The main topic on last weekend’s round of talk shows and political roundtables was whether there is a meaningful analogy to be drawn between the US experience in Vietnam and current debates over our policy in Afghanistan and its somewhat dubious future. There are no such things as perfect analogies, of course, but suggestive connections there surely are.
Most of them received a helpful airing.
But one matter of real and growing concern was not discussed. The transition from a French police action to a US war was one important transition well described by various experts from all bands of the political spectrum. But the transition from Kennedy’s police action to Johnson’s war has received less attention that it should have.
The story that was told this weekend involved a charismatic young president, relatively new to office, facing pressure from many of his military advisors to commit to significant troop increases in Vietnam. Kennedy resisted, due in no small part to the cautionary advice of some of his closest staff advisors. Well after his assassination, in 1966, President Johnson significantly upped the military ante, and the troop numbers, committing the US to an all-out land and air assault; that was when the staggering casualties, on both sides, commenced.

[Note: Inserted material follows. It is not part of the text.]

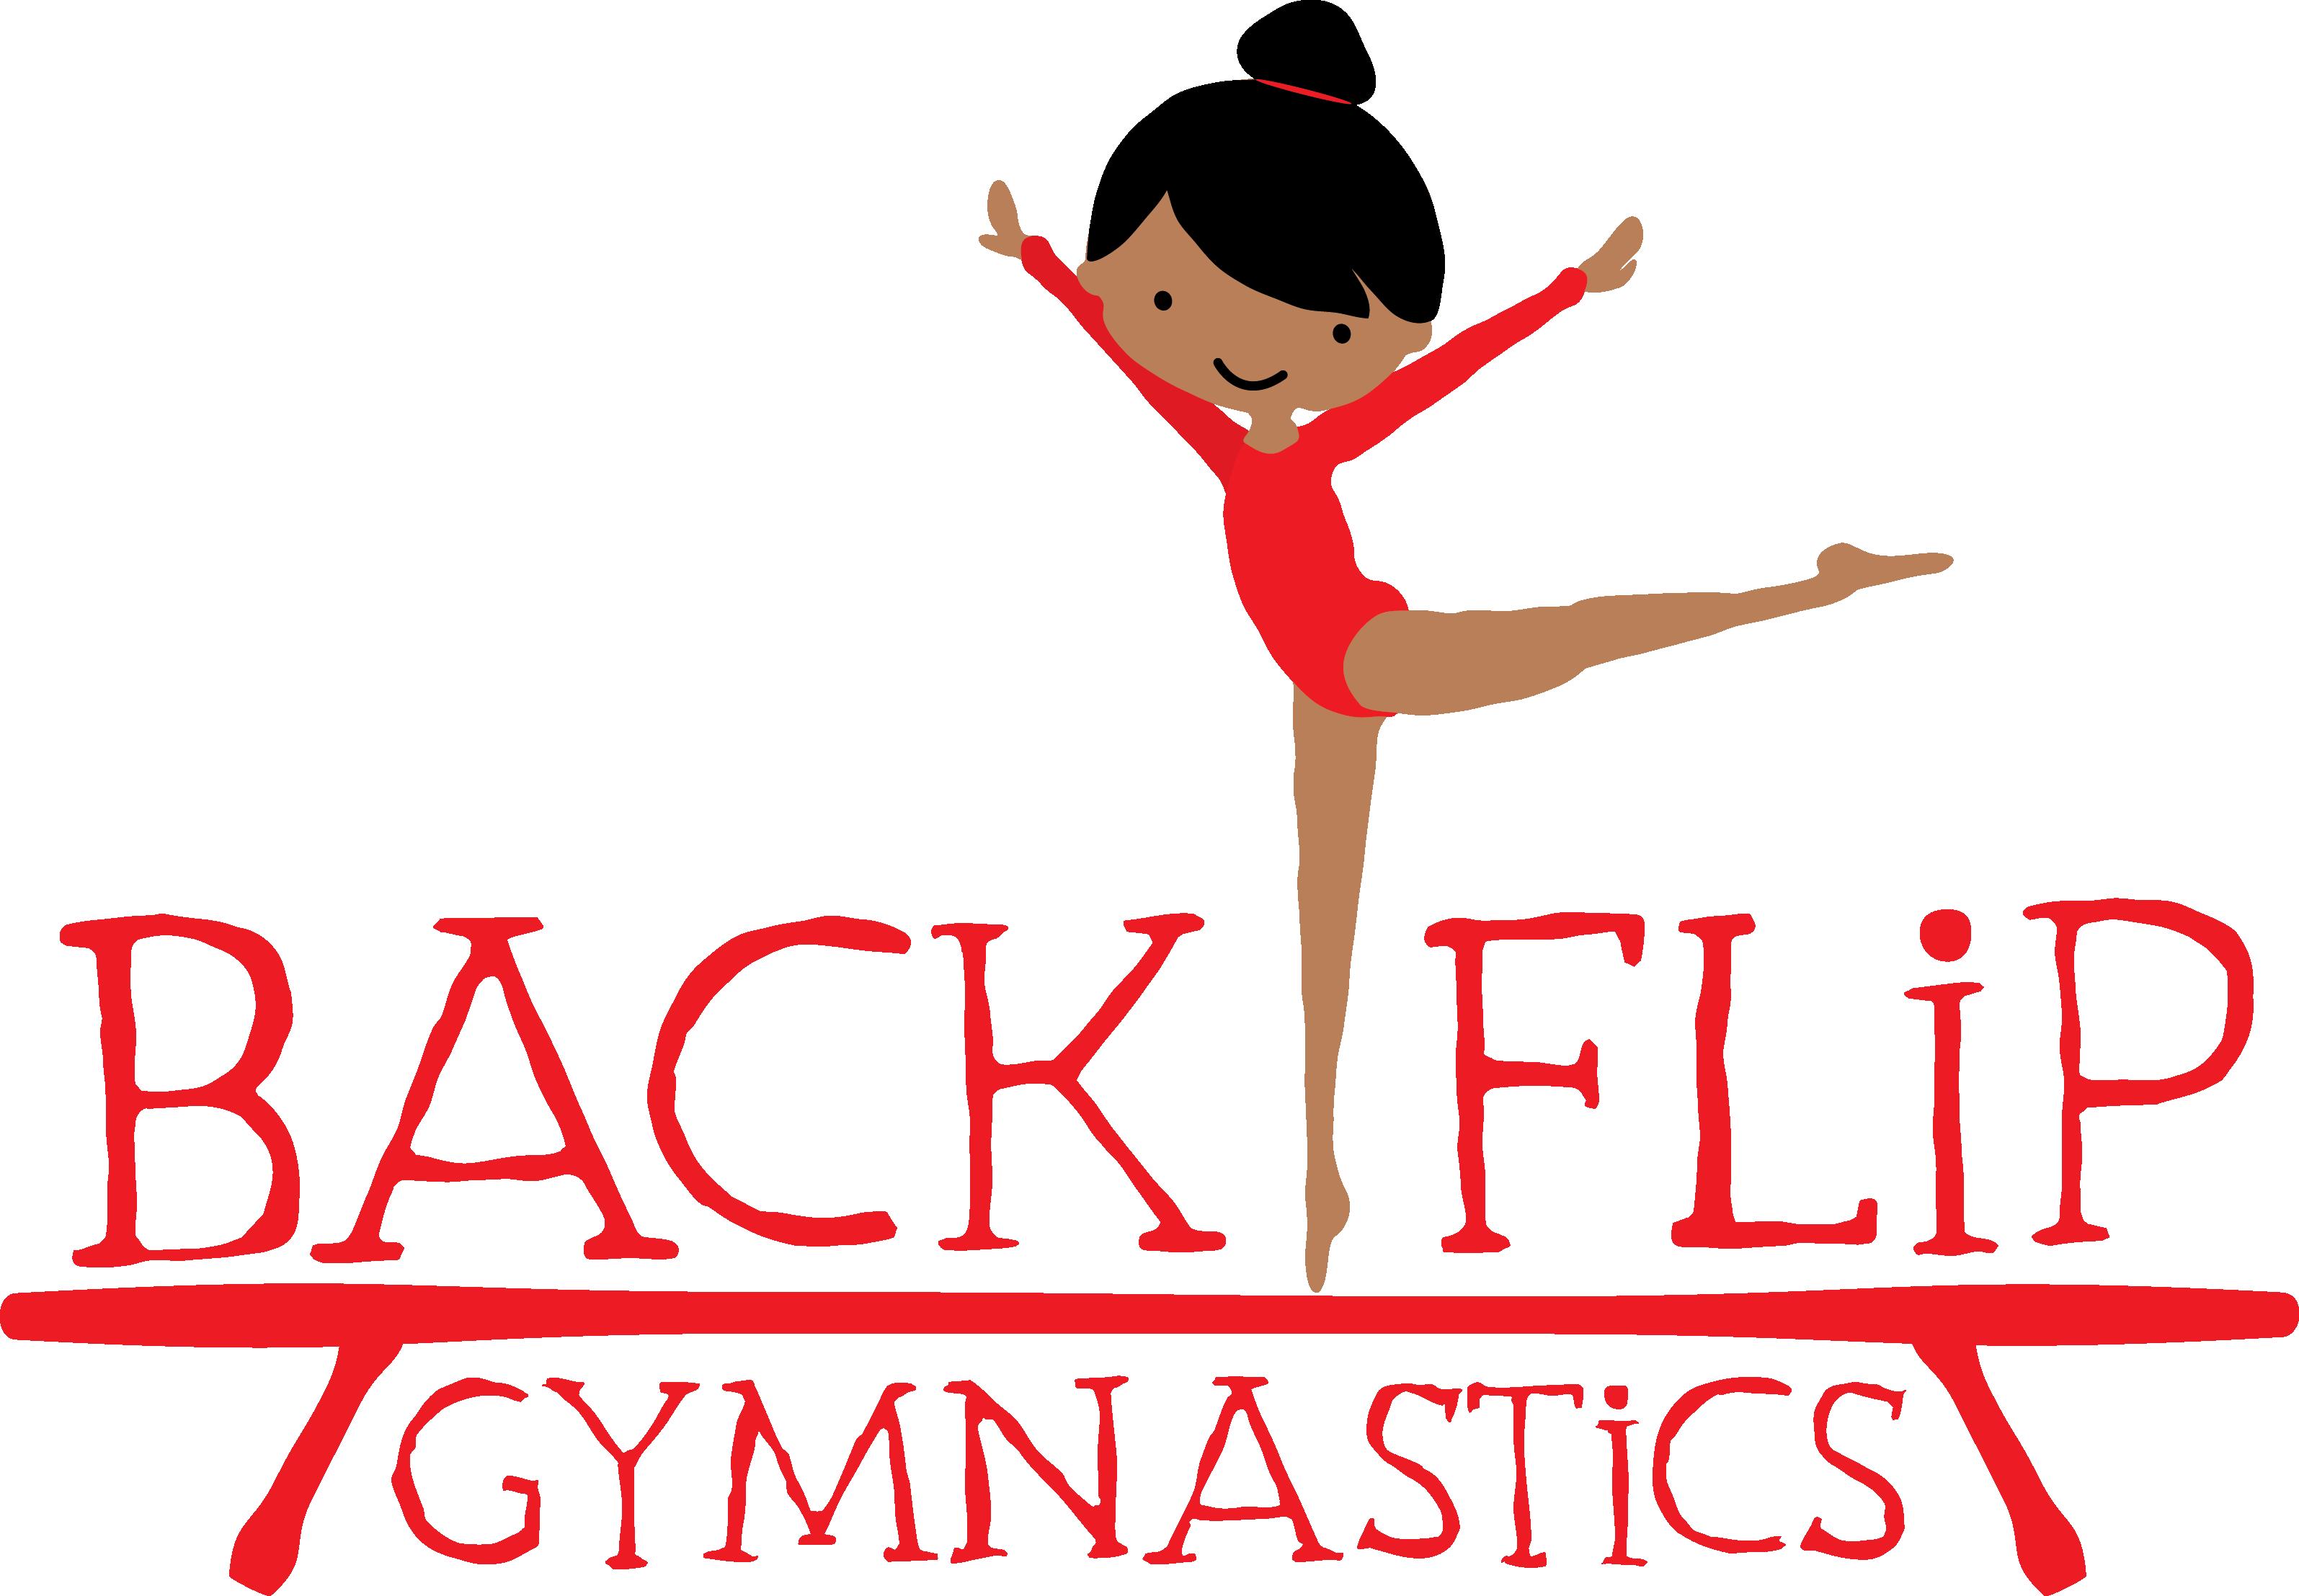 3190x2215 Gymnastics Clipart Backflip

The analogy as I have set it up paints President Obama in the role of John Kennedy, young and charismatic and new to office, receiving some pressure from his military advisors to commit to an Iraq-style “surge” in Afghanistan. Other close advisors, like his more experienced Vice President, insist that we are in no hurry, especially now that the regime we are supporting has been so badly de-legitimated by the recent elections.
But the analogy subtly suggests that the difficult position in which President Obama currently finds himself is Johnson’s dilemma, not Kennedy’s. It has something to do with the changing face of “success.” In Vietnam, the goal was to keep the communists out. We failed in that mission. In Afghanistan, success used to be similarly defined: to kick out the Taliban and then to keep them out. Failing that, success has recently been redefined in truly mystifying terms by Special Envoy Holbrook as something “we will know when we see it.”
Clearly, that is not a mission. The fact is that we are already committed to this thing; we are already in. And while many of us may want to get out, the question is how?
The challenge Obama faces is how to manage the transition into his own presidency. He inherited the Bush economy; but now, with his Gaithner-style “reforms” firmly in place, the economy is his team’s, not Bush’s.
So too with the wars. What is happening is that both of these theaters, in Iraq and Afghanistan, are in the process of becoming Obama’s wars, and Obama’s problems, not Bush’s or Cheney’s anymore.
It is now that a final disturbing feature of the analogy also begins to come into sharper focus. The analogy reveals how both of these wars were, in strange ways, wars of religion.
Ever since the Second World War, US Cold War reasoning posited our democratic freedoms against an atheistic and tyrannical communism. It was a “cold war” of religion, religion pitted against non-religion. The current conflicts have some of that same flavor, where Islam has replaced communism as the ideological bete noir of the 21st century.
This connection has been brilliantly drawn in a recent book by Carol K. Winkler, In the Name of Terrorism: Presidents on Political Violence in the Post World War 2 Era. Drawing on extensive pre-9/11 research in a number of presidential libraries before they were closed to free public scrutiny, Winkler demonstrates how the language of “terror” has been a free-wheeling presidential signifier, easily exploited to justify any war against any enemy, from Vietnam to Bosnia to Afghanistan.
We should watch very closely as this new President grapples with the subtler implications of an unsettling analogy he has inherited, along with two wars.